● **Your assignment**
Beginning with the line below that contains "breaking of new blooms." and ending with the line that contains "Earrings - Frost", retype every line exactly. Pictures are not copied.

+++ Data extract

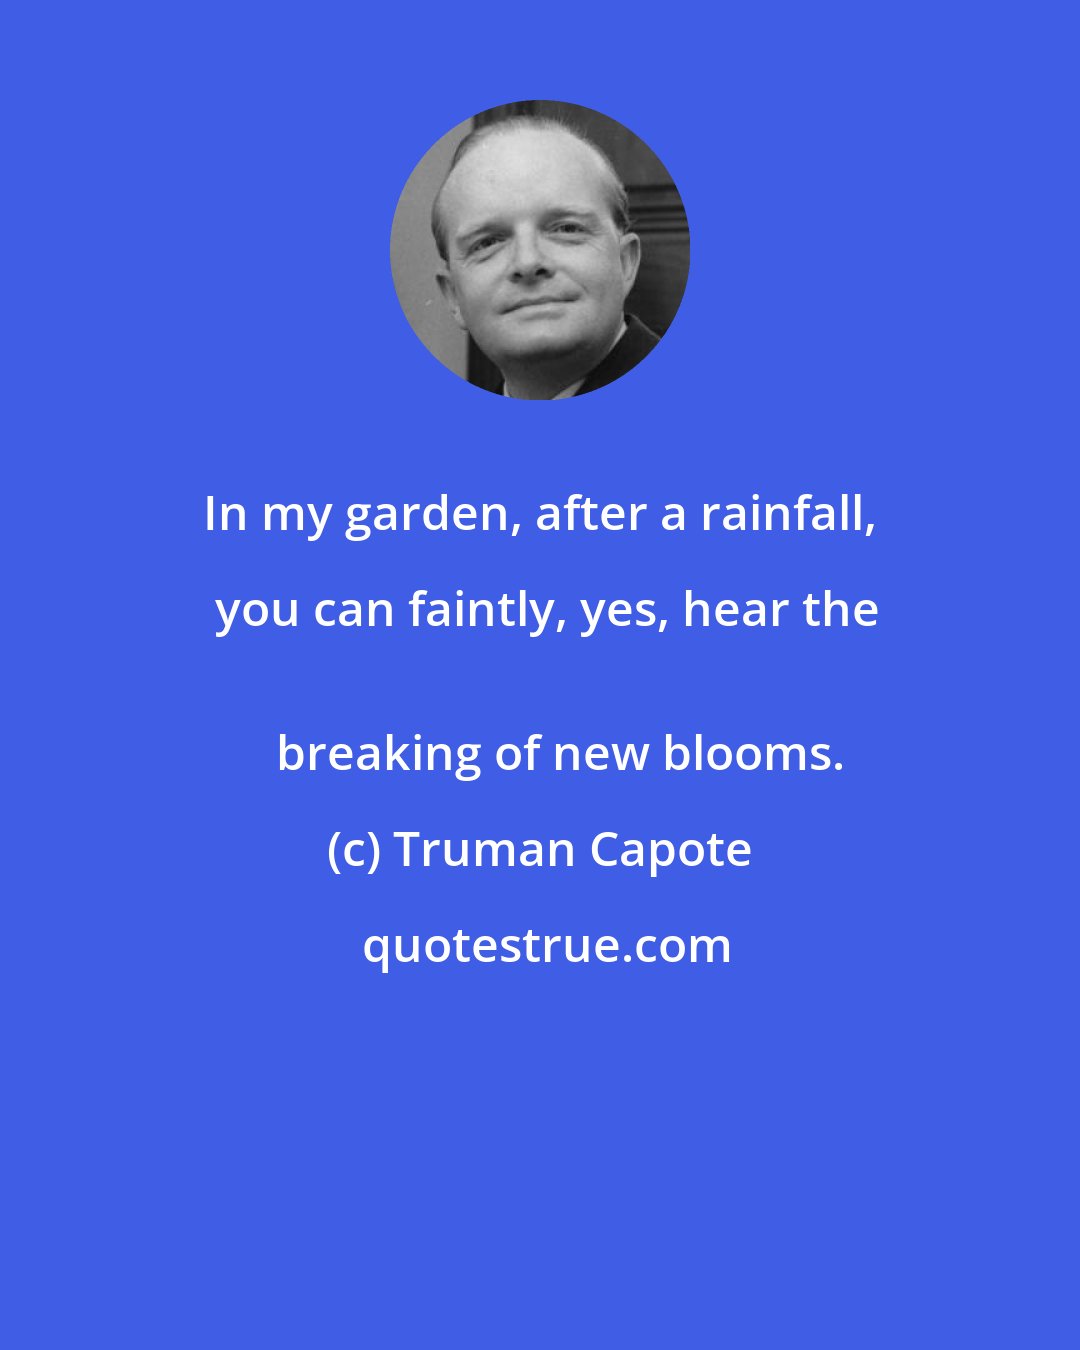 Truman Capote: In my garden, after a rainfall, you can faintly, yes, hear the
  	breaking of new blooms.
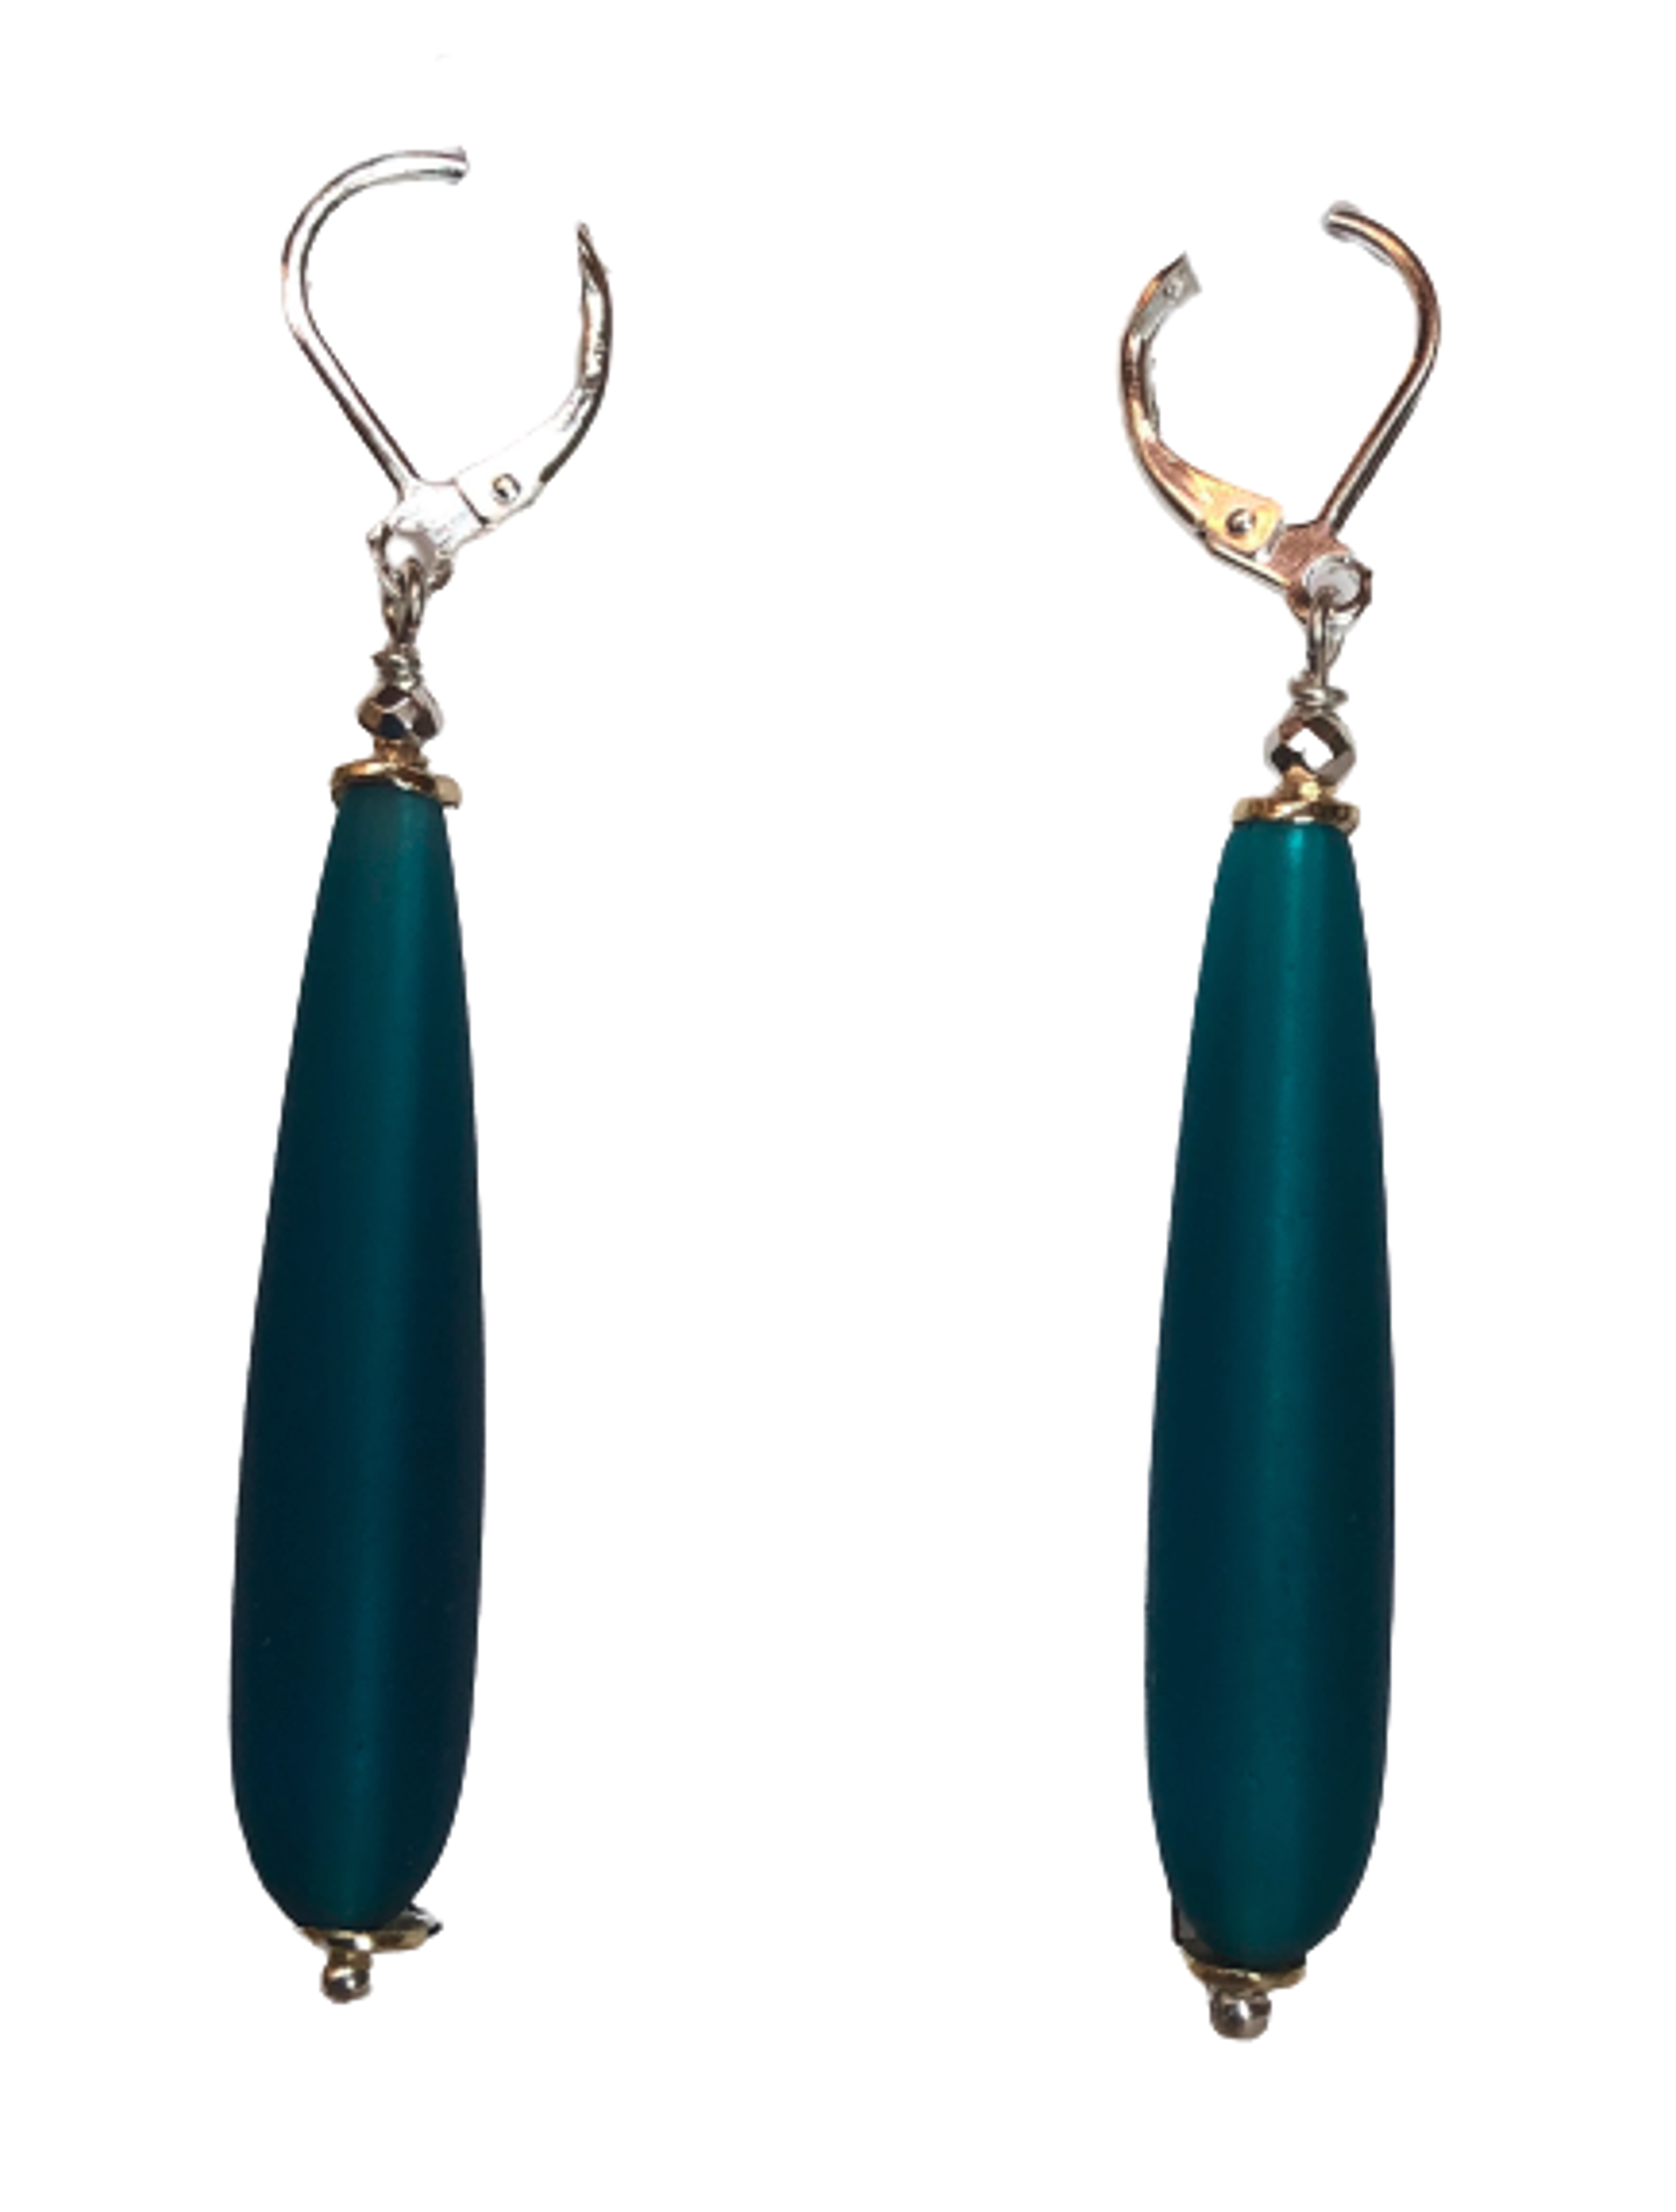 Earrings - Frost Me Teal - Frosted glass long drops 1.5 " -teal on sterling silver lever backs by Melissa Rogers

++++++
+++ Data extract

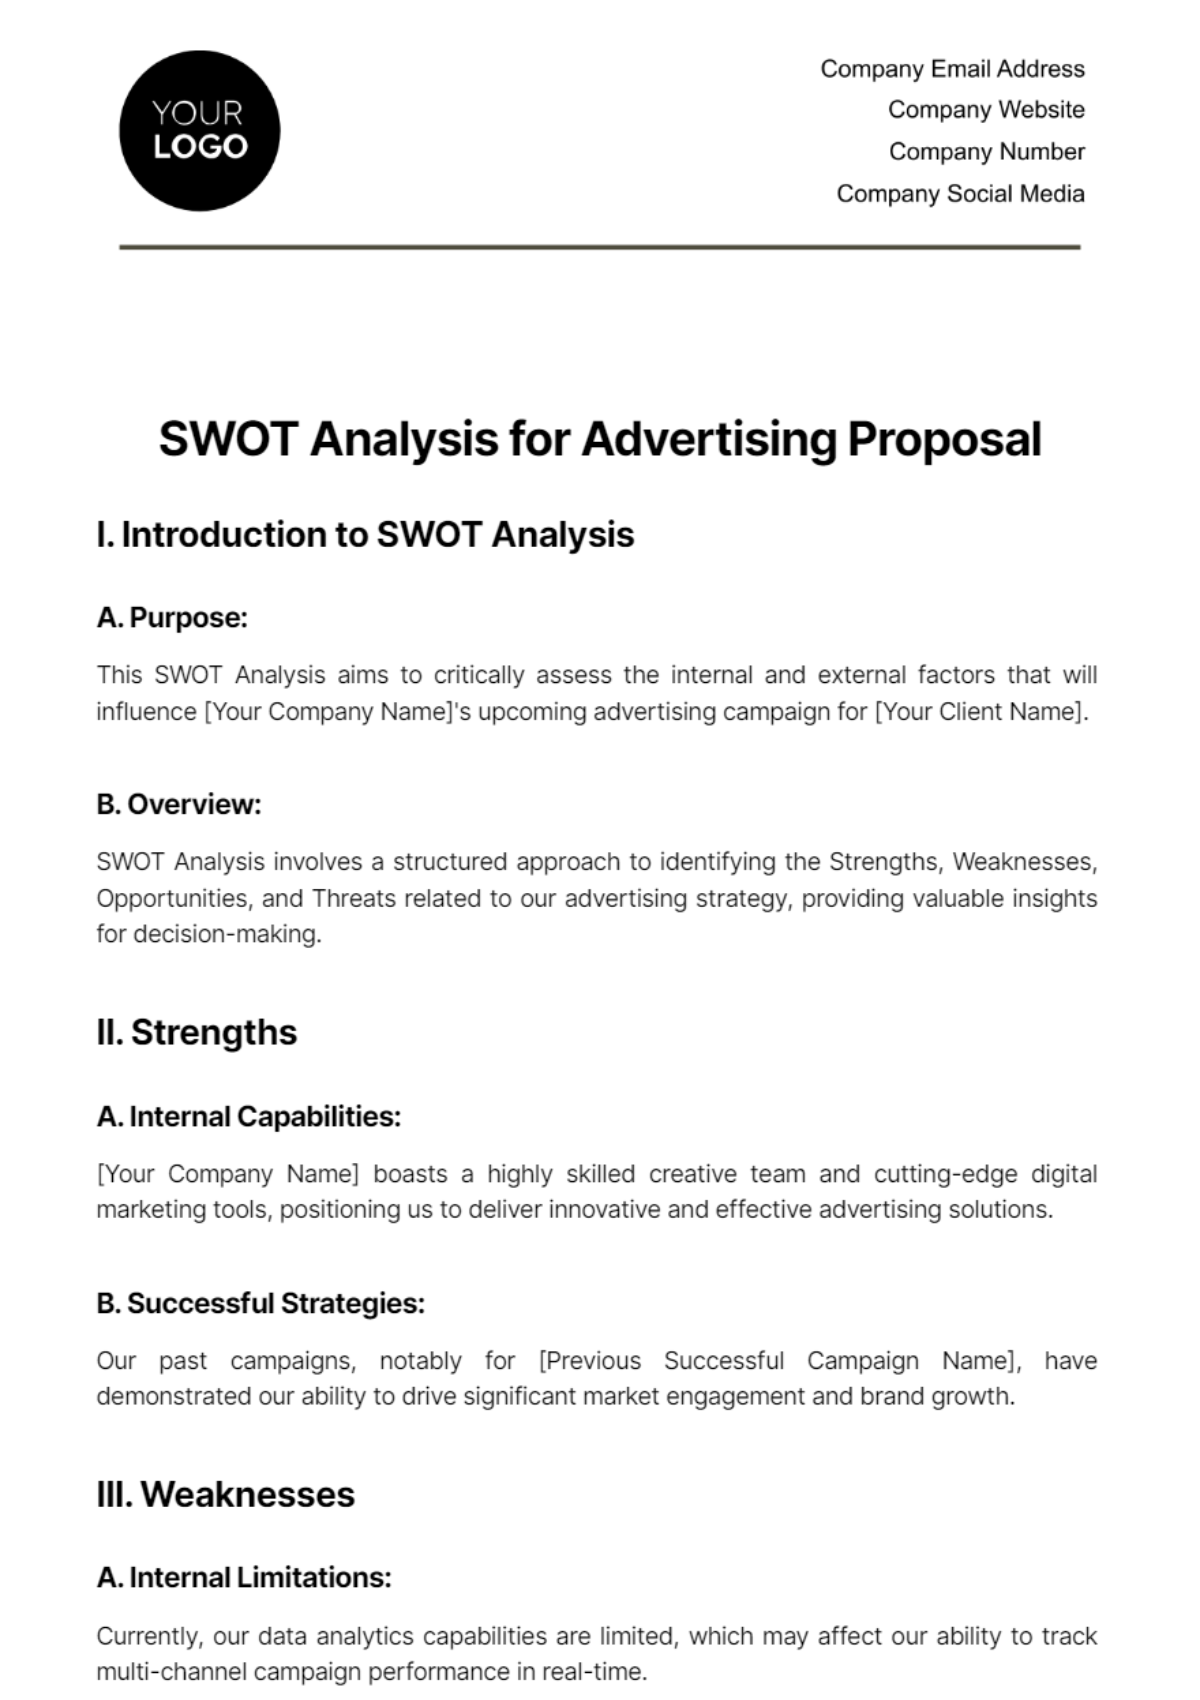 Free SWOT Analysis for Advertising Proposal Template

++++++

● **Response**
  	breaking of new blooms.
 Earrings - Frost Me Teal - Frosted glass long drops 1.5 " -teal on sterling silver lever backs by Melissa Rogers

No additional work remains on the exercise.